The view from China appears to be unanimous: Chinese leaders and business people want the UK to remain inside the European Union.
To understand why this view is so strongly held, you have to grasp the scale of Chinese investment in the UK.
There is a long list of British brands and companies that now have Chinese backers: Weetabix, House of Fraser, MG cars, London taxi cabs, Heathrow and Manchester airports.
And the UK has become the second most popular destination for Chinese investment in Europe, second only to Italy.
Many investors worry that those economic ties will be damaged if Brexit occurs.
John Zai is one of them. Originally from Shanghai, he heads Cocoon Networks, a venture capital group that plans to invest in tech companies in Europe, primarily in the UK.
It's just signed a 10-year lease on the former London Stock Exchange and aims to transform it into Europe's largest tech innovation centre.
"If we can combine the European technology and the ideas with the Chinese money, the Chinese capital, it's going to be crazy," he enthuses.
But those plans could all change if the UK votes to leave the EU.
"It's going to probably cause a lot of problems, because Cocoon is a platform bridge between China and Europe.
"It's China and Europe, not China and the UK or China and London.
"Tech companies are really dependent on talent," he says. "If the UK leaves the EU, all this different talent from the EU, from all these different countries, they're going to be gone.
"People are always talking about how London is going to become a Silicon Valley but without all this talent, it's not going to happen."
Many hope the UK's economy will flourish because of the close relationship between London and Beijing.
Deals worth more than £40bn ($56bn) were signed when Chinese President Xi Jinping visited the UK last October.
During that visit, Mr Xi made his views clear: China supports a "united EU".

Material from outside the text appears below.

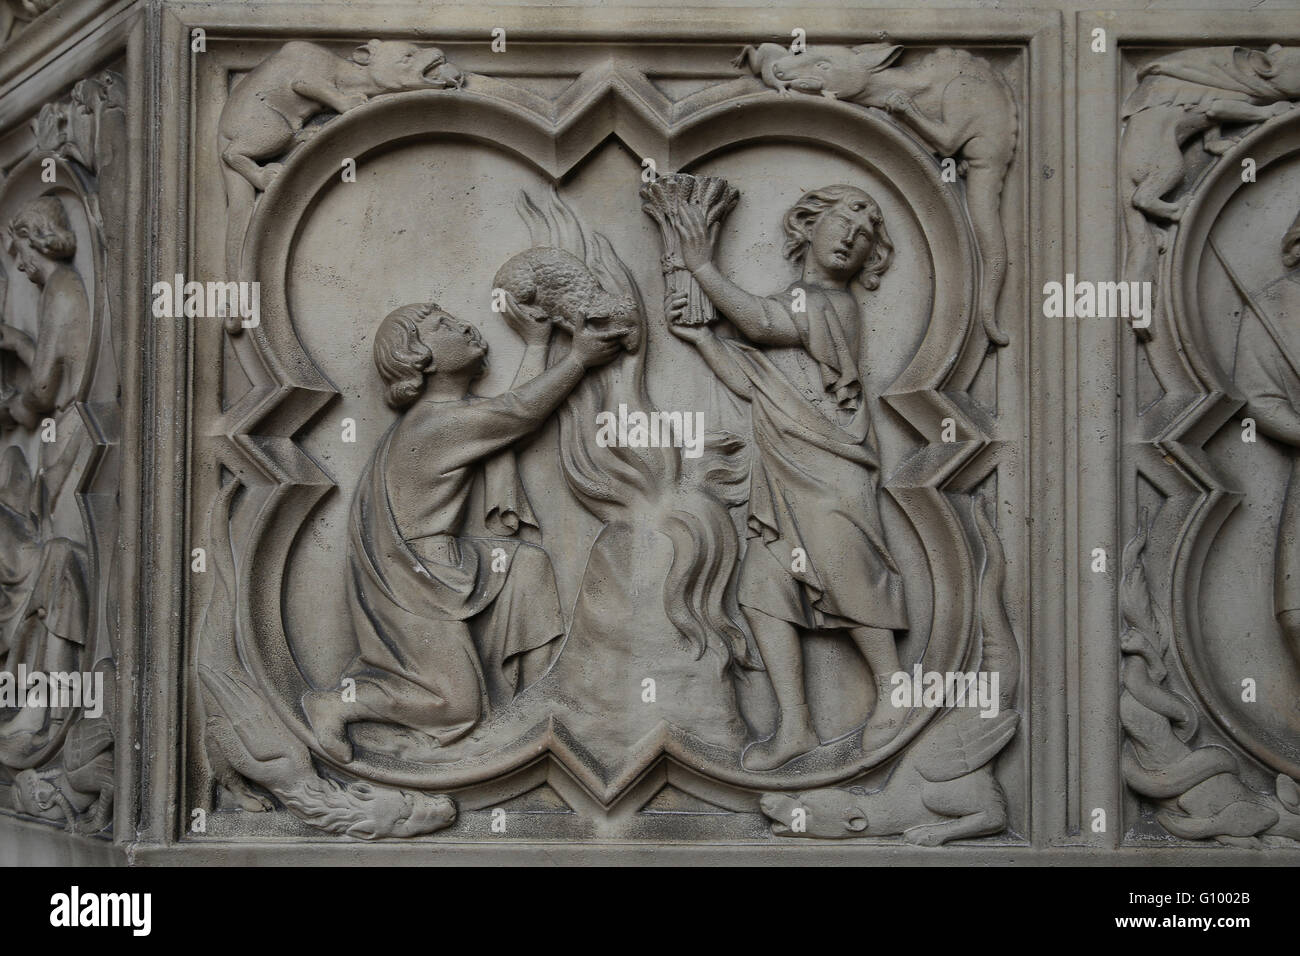 Die Opfer des Abel und Kain. Relief. 13. c. Basis des Portals der oberen Kapelle. Sainte-Chapelle, Paris. Frankreich. Stockfoto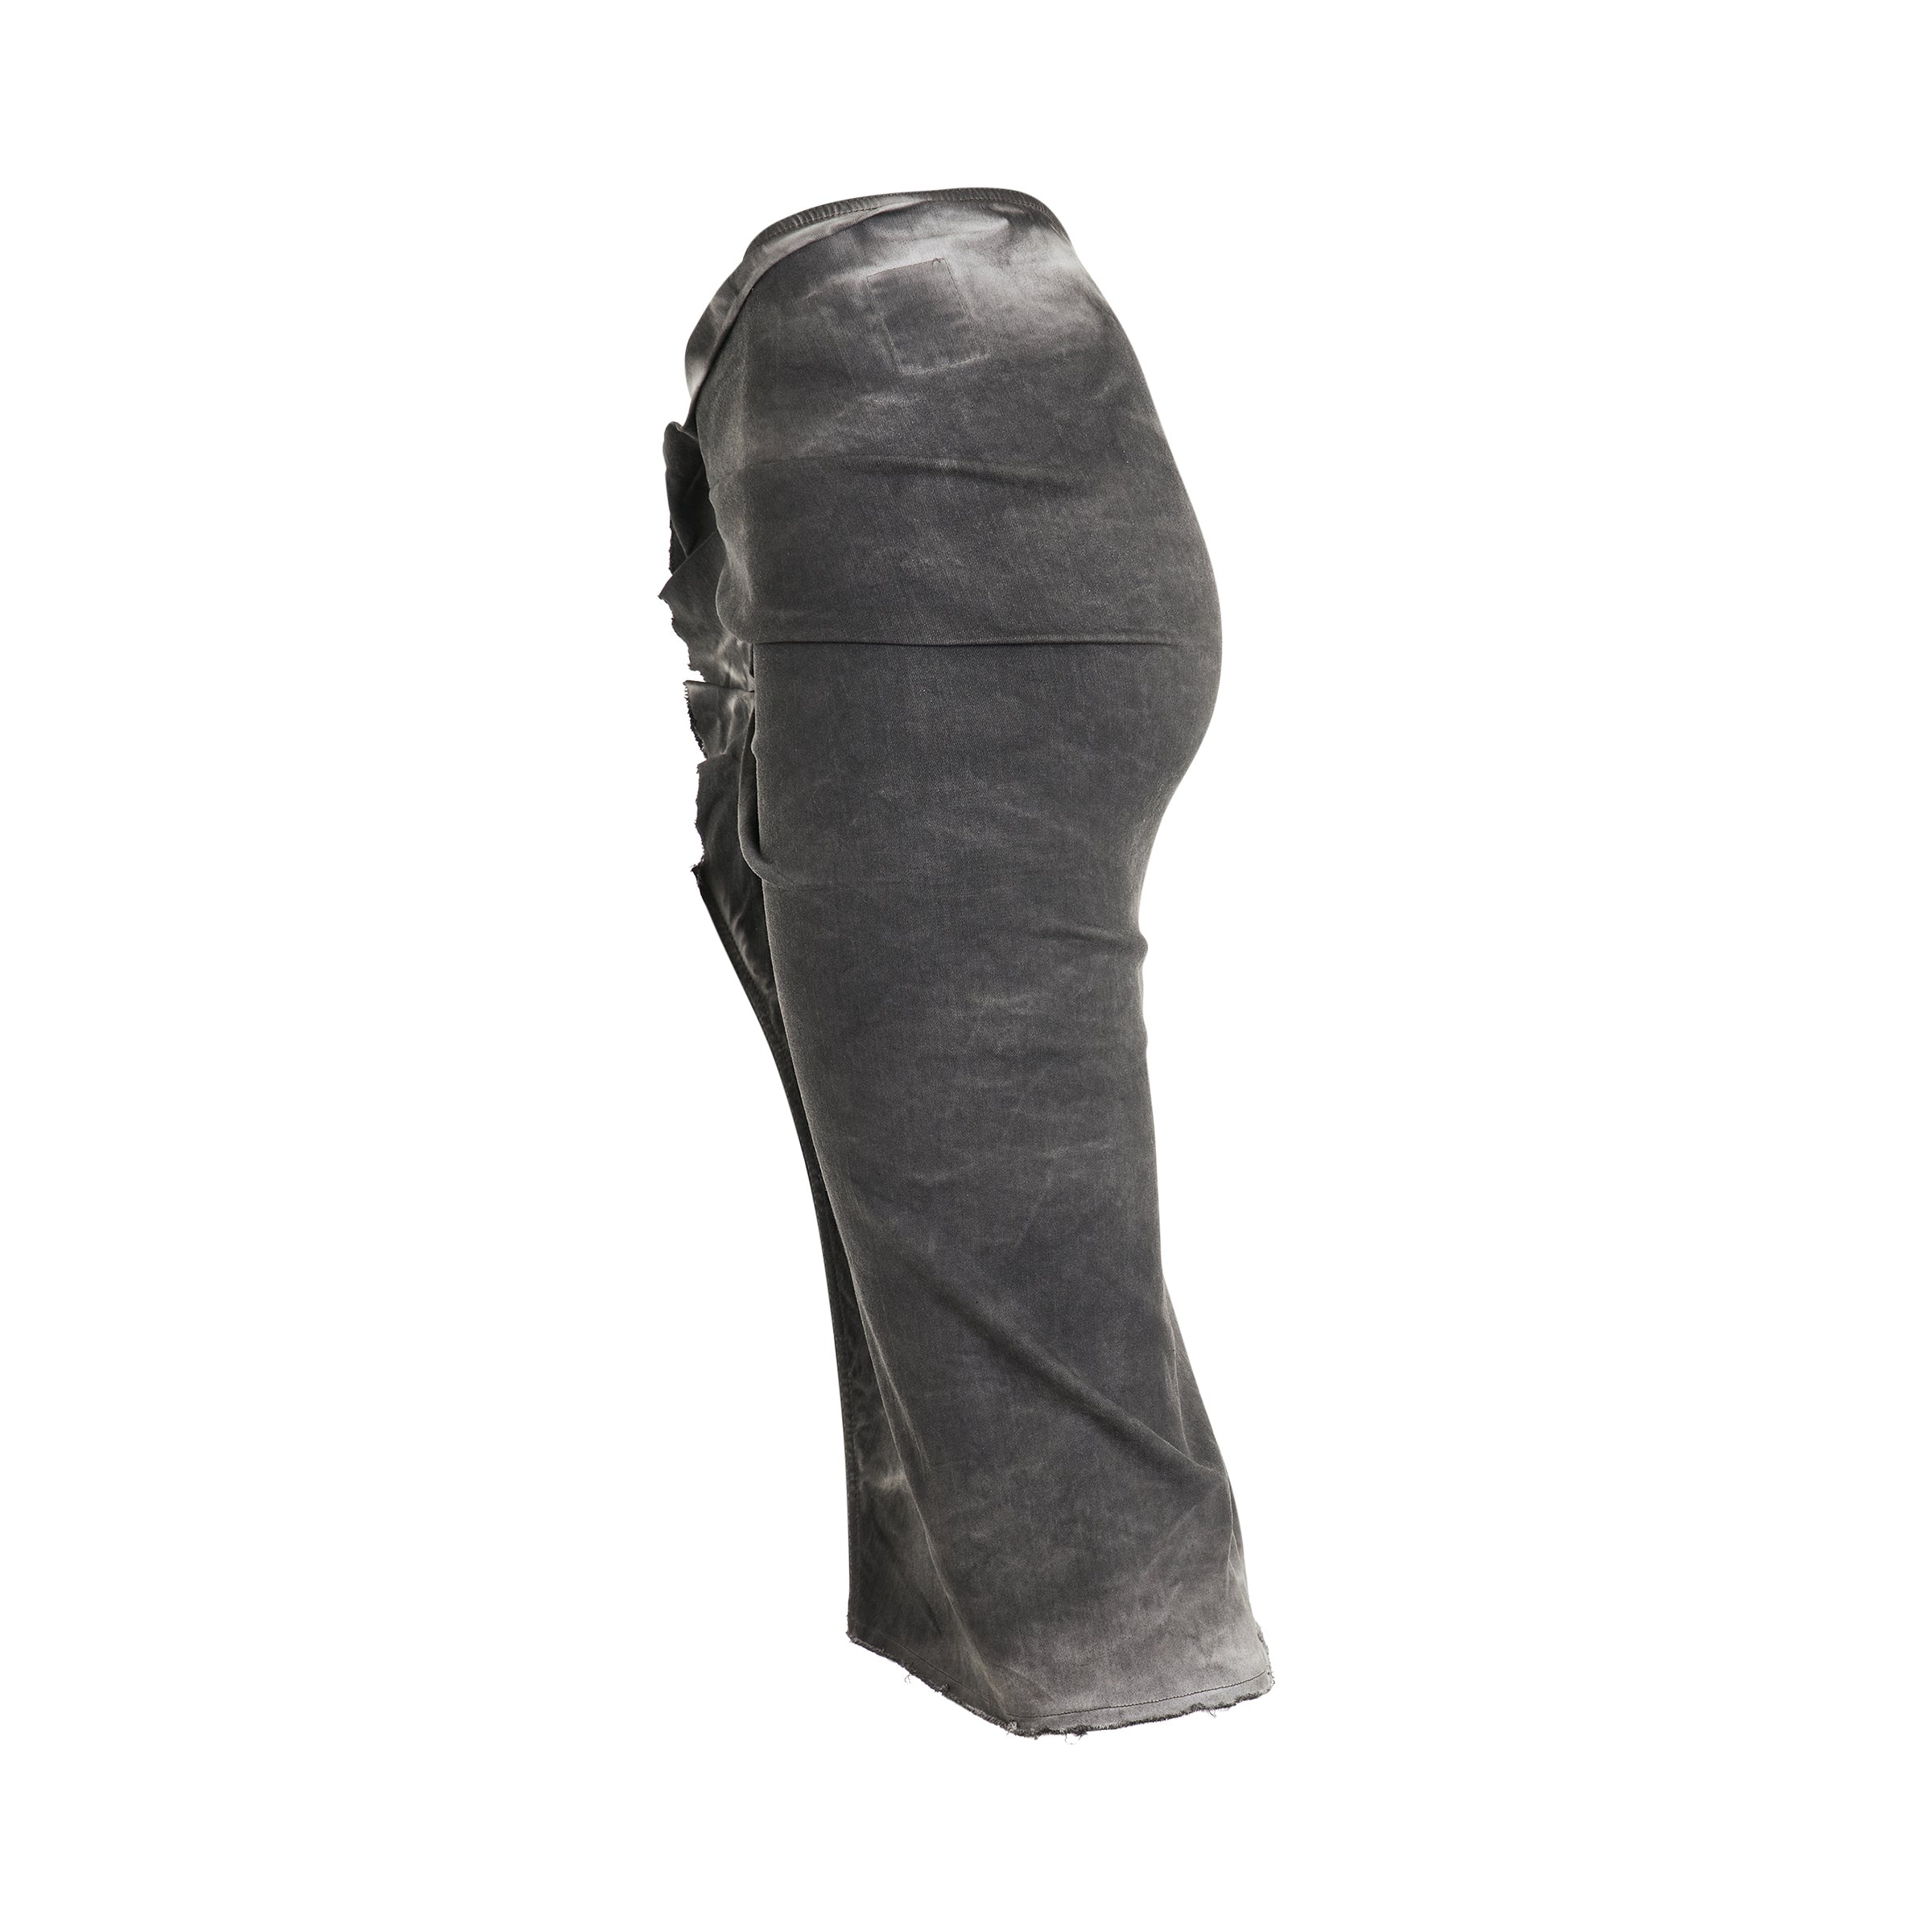 EDFU Knee Skirt in Dark Dust - 3

"China definitely wants to sell more Chinese products into the European market, but they'd better do it from the eurozone really," says Philippe Le Corre, a visiting fellow at the Brookings Institution in Washington.
London would be less attractive to investors if it could offer only the UK market of 65 million people, rather than the 500 million across the EU, he says.
"London would not lose its role as trader of renminbi but in terms of consumer products, big industries, even tourism, I believe London would be affected."
But it's not all about money.
For Mr Xi, the EU referendum also carries political concerns.
During his time in power, over almost four years, he's fostered closer ties with London - a counterbalance, perhaps, to China's rockier relations elsewhere.
If the UK leaves the EU, Mr Xi's judgement could be called into question.
"There has been some criticism that he has been spending too much attention on ceremonial matters and diplomacy without concern for the slowing Chinese economy at home," says Yu Jie, the China programme manager at the LSE Ideas think tank in London.
"So, if the UK leaves the EU, it won't only undermine the Chinese relationship with the UK. It will also undermine Xi Jinping's image as a steady leader because he's betting on the wrong horse."
Chinese entrepreneurs might also come to feel that they've bet on the wrong horse. Over tea at his private members' club, Mr Zai admits to worries.
"I'm just afraid if we leave the EU, it's going to be like an earthquake, like a huge earthquake. To be honest, I have no idea what's going to happen. Personally, I'm quite nervous."
Nerves in London stretching all the way to the halls of power in Beijing.
Some might argue that Chinese concerns shouldn't matter and British voters will make their own decisions on EU membership.
But those who have invested financial and political capital in a closer relationship between China and the UK might be heading for a few sleepless nights.